You can find this data by traversing to any of the datasets in the MS MARCO Mined Triplet dataset collection and using the triplet-hard subset. Across all datasets, this refers to 175.7 million triplets. The original data can be found here. Load some of it using:
from datasets import load_dataset
train_dataset = load_dataset("sentence-transformers/msmarco-co-condenser-margin-mse-sym-mnrl-mean-v1", "triplet-hard", split="train")
# Dataset({
# features: ['query', 'positive', 'negative'],
# num_rows: 11662655
# })
print(train_dataset[0])
# {'query': 'what are the liberal arts?', 'positive': 'liberal arts. 1. the academic course of instruction at a college intended to provide general knowledge and comprising the arts, humanities, natural sciences, and social sciences, as opposed to professional or technical subjects.', 'negative': "Rather than preparing students for a specific career, liberal arts programs focus on cultural literacy and hone communication and analytical skills. They often cover various disciplines, ranging from the humanities to social sciences. 1 Program Levels in Liberal Arts: Associate degree, Bachelor's degree, Master's degree."}
MarginMSE¶
Training code: train_bi-encoder_margin-mse.py
MarginMSELoss is based on the paper of Hofstätter et al. Like when training with MultipleNegativesRankingLoss, we can use triplets: (query, passage1, passage2). However, in contrast to MultipleNegativesRankingLoss, passage1 and passage2 do not have to be strictly positive/negative, both can be relevant or not relevant for a given query.

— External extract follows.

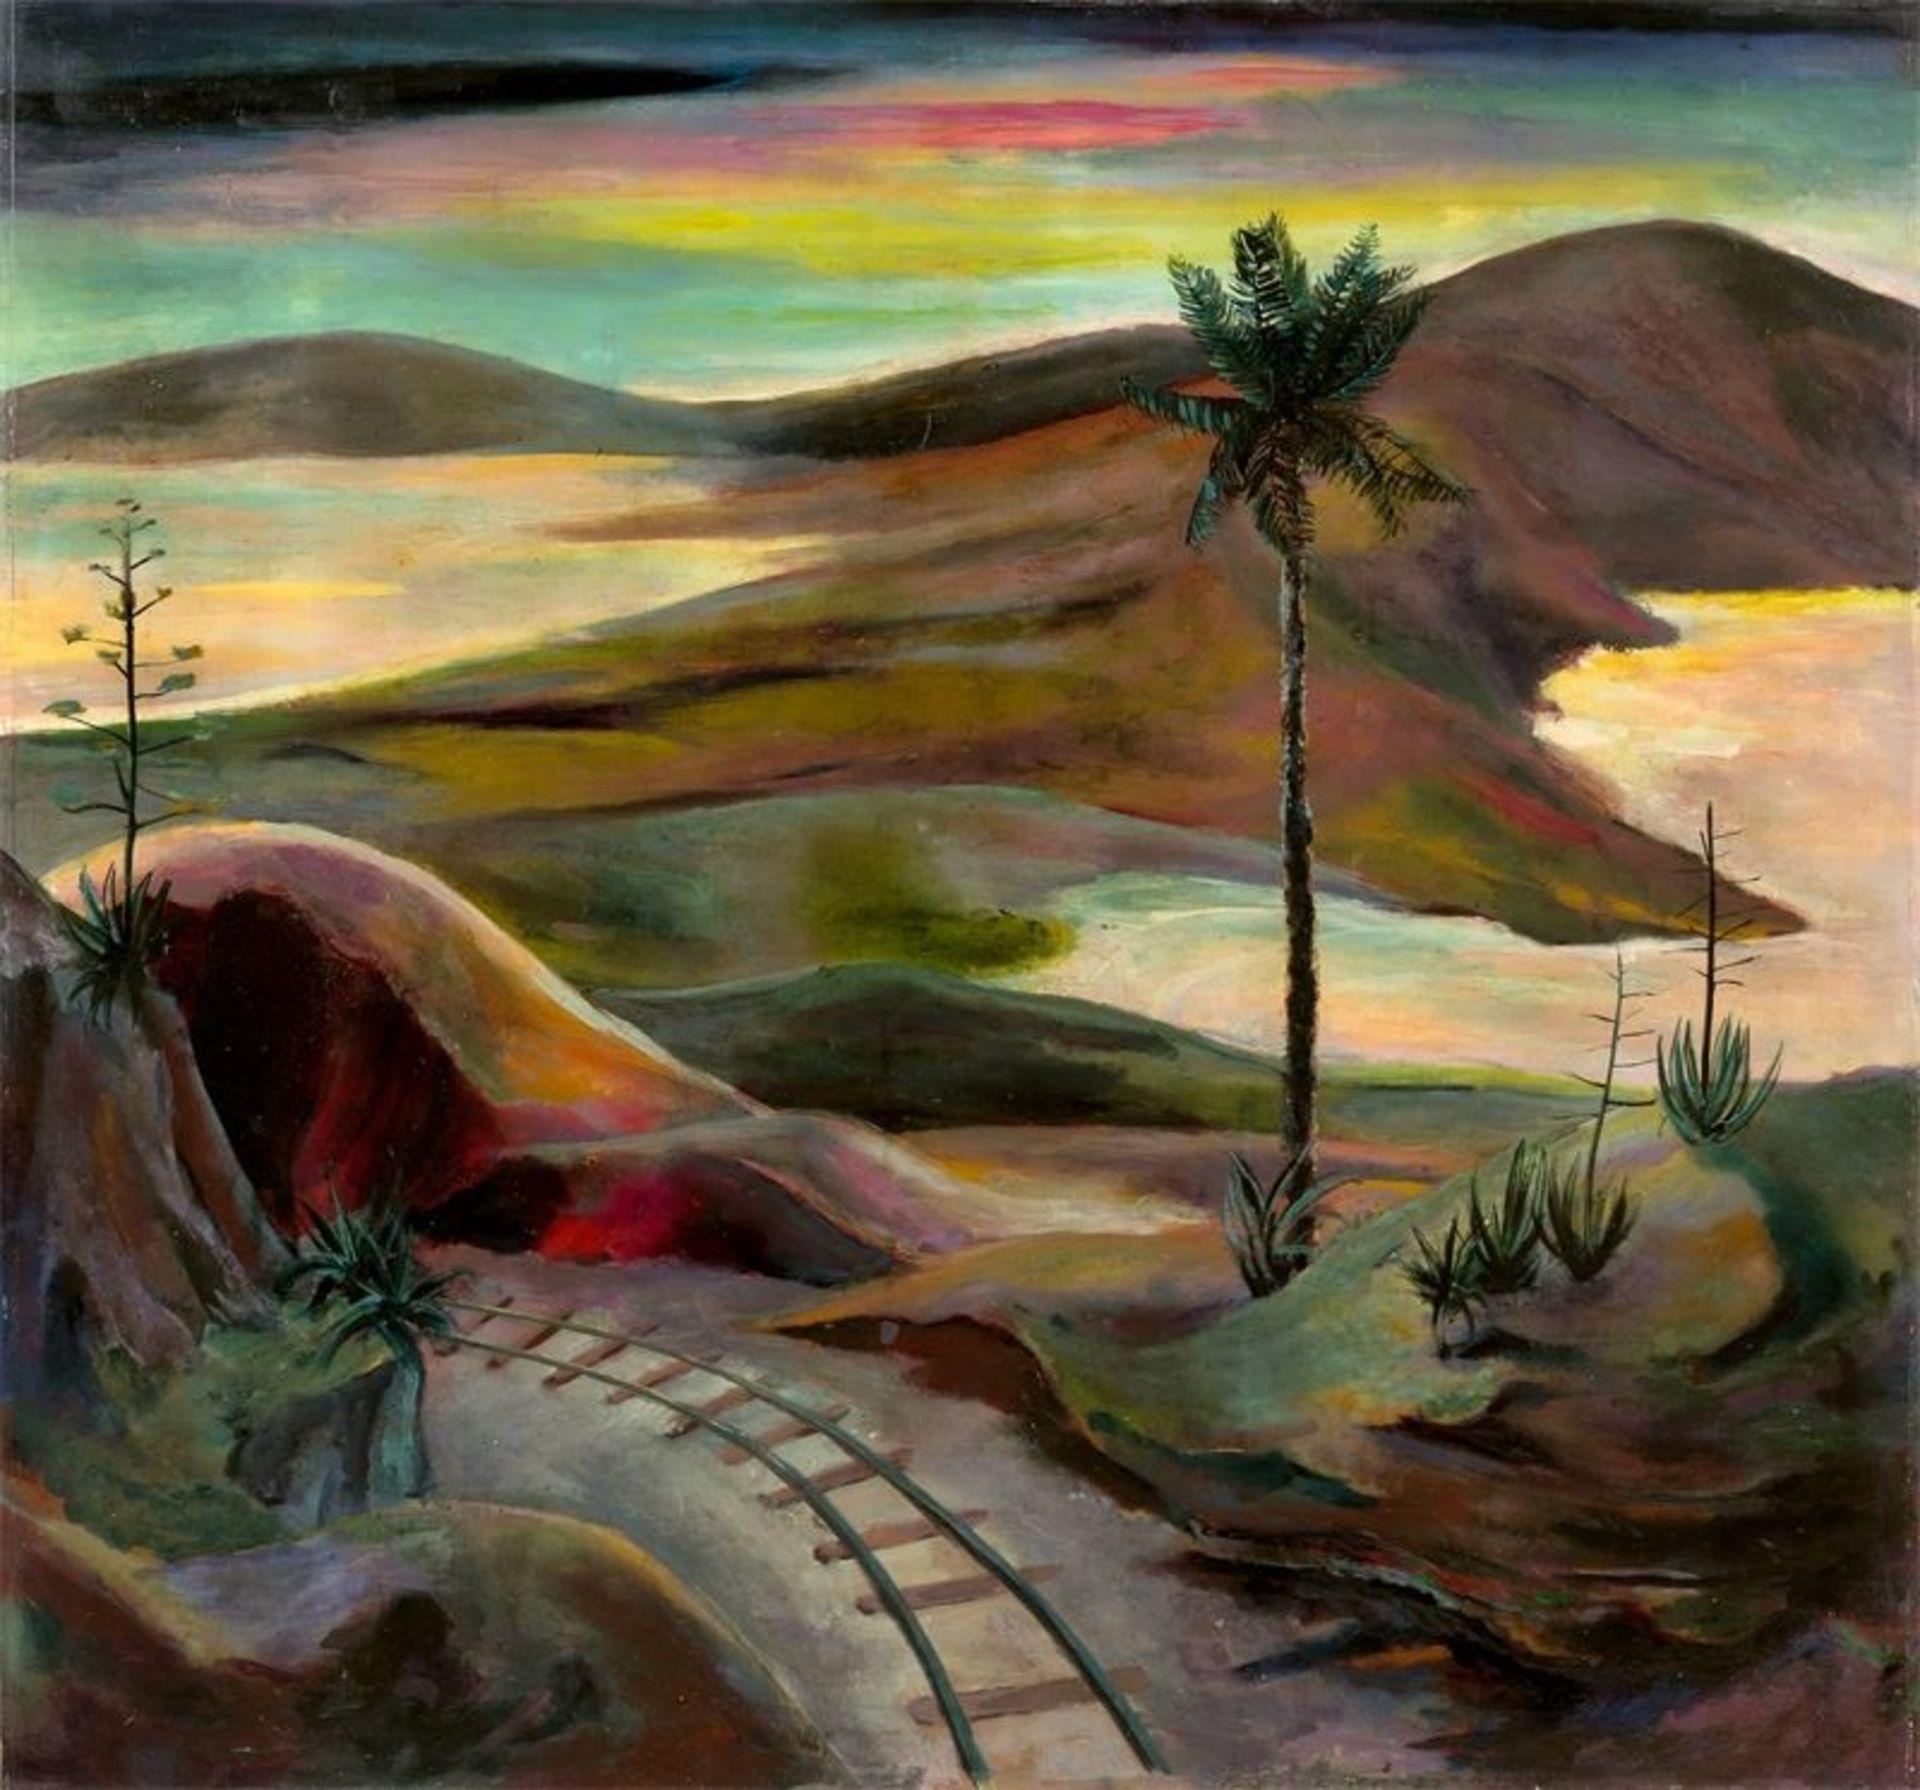 Los 206 - Hanns Ludwig Katz (Karlsruhe 1892 – 1940 Johannesburg)

We then compute the Cross-Encoder score for (query, passage1) and (query, passage2). We provide scores for 160 million such pairs in our msmarco-hard-negatives dataset. We then compute the distance: CE_distance = CEScore(query, passage1) - CEScore(query, passage2).
For our Sentence Transformer (e.g. bi-encoder) training, we encode query, passage1, and passage2 into embeddings and then measure the dot-product between (query, passage1) and (query, passage2). Again, we measure the distance: BE_distance = DotScore(query, passage1) - DotScore(query, passage2)
We then want to ensure that the distance predicted by the bi-encoder is close to the distance predicted by the cross-encoder, i.e., we optimize the mean-squared error (MSE) between CE_distance and BE_distance.
An advantage of MarginMSELoss compared to MultipleNegativesRankingLoss is that we don’t require a positive and negative passage. As mentioned before, MS MARCO is redundant and many passages contain the same or similar content. With MarginMSELoss, we can train on two relevant passages without issues: In that case, the CE_distance will be smaller and we expect that our bi-encoder also puts both passages closer in the vector space.
And disadvantage of MarginMSELoss is the slower training time: We need way more epochs to get good results. In MultipleNegativesRankingLoss, with a batch size of 64, we compare one query against 128 passages. With MarginMSELoss, we compare a query only against two passages.